Can Facebook become a trillion dollar company?
With Microsoft and Apple comfortably into trillion dollar territory and Google and Amazon both teetering around the edge, there is a big drop down market cap wise to the next contender: Facebook. The social media giant is sitting on a $575bn market cap, after gaining 22% over the past 12 months. Scale is both an advantage and a potential barrier to Facebook reaching the trillion dollar mark. It has more than two billion daily users and dominance over messaging through its acquisitions of services including Instagram and WhatsApp. It has used its position to expand into non-core areas such as virtual reality – with its acquisition of Oculus in 2014. But the company also finds itself as a focal point of concerns over user privacy, data security and the role of social media in democracy, all of which will only intensify as it grows larger. The company is also still heavily dependent on advertising revenue, and “must demonstrate the ability to monetize its user base beyond just selling ads”, according to Baker Avenue Wealth management chief strategist King Lip.
Crypto corner
Another positive weekend for cryptoassets has seen them either set, or trade near multi-month highs. Having jumped to $9,500 on Friday, Bitcoin remains close to that level, trading at $9,312 this morning.
Meanwhile Ethereum and XRP also experienced further shifts upwards, with Ethereum up at $188.4 this morning having passed through $190 for the first time since November over the weekend. XRP made it above $0.25 before dipping marginally to trade at $0.247 this morning.

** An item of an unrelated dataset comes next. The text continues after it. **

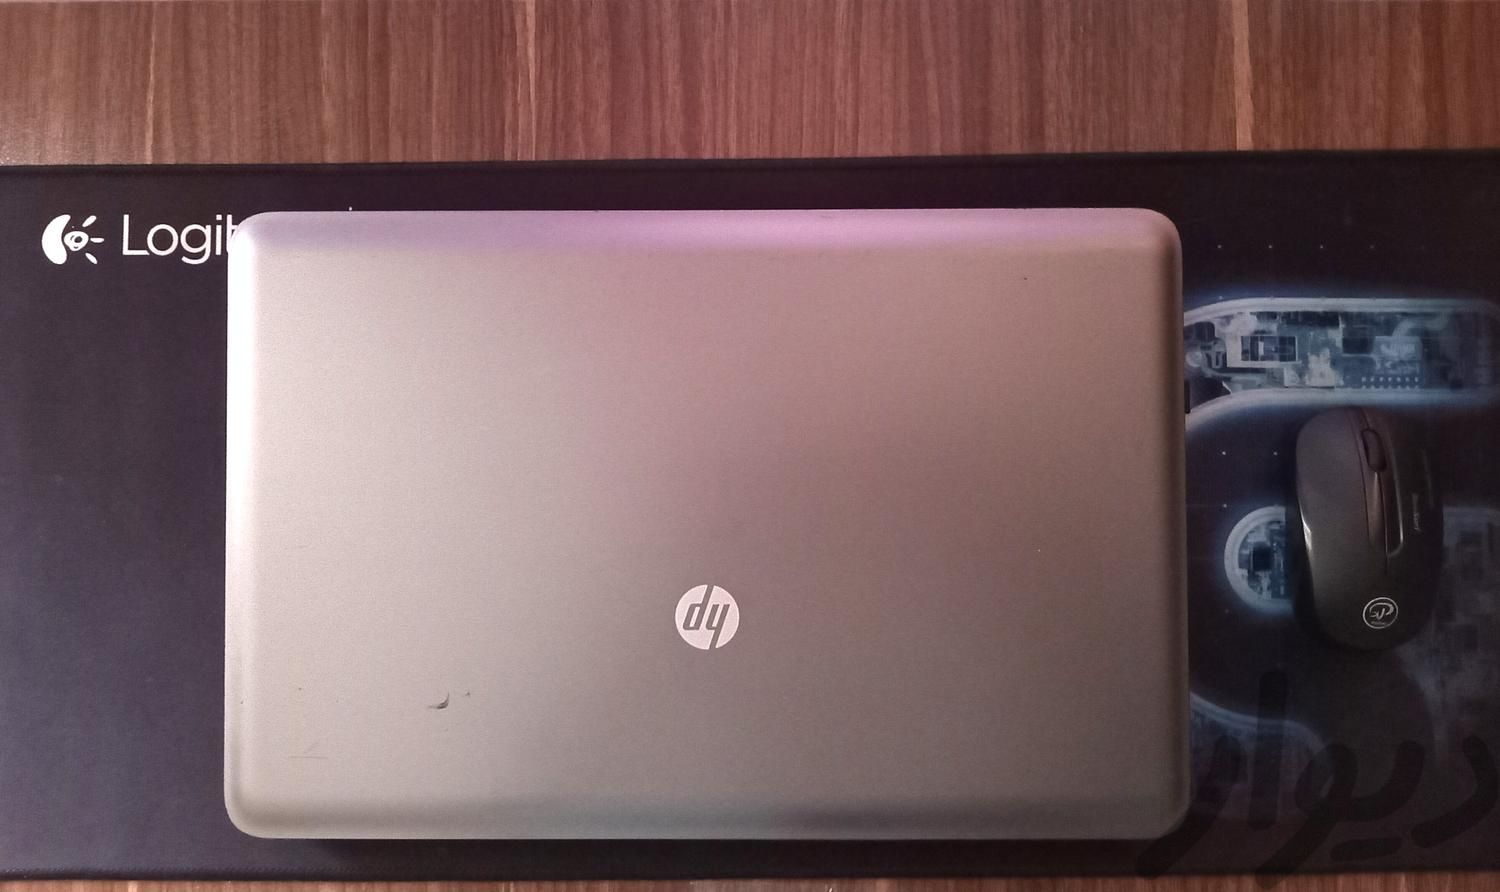 لپ تاپ 15 اینچ اچ پی HP مدل i3 650|رایانه همراه|قم, پلیس|دیوار

Bitcoin usage up among merchants
One of the key criticisms of Bitcoin is that you can’t actually spend it. However, the numbers tell a different story. Coinbase Commerce processed $135 million worth of cryptocurrency payments for merchants in 2019, with many actually citing they prefer to receive payment in crypto as it’s more secure. Whilst this number will be dwarfed by total credit card payments and crypto speculation volume for the foreseeable future, it’s positive to see this stream of crypto adoption take a major step forward.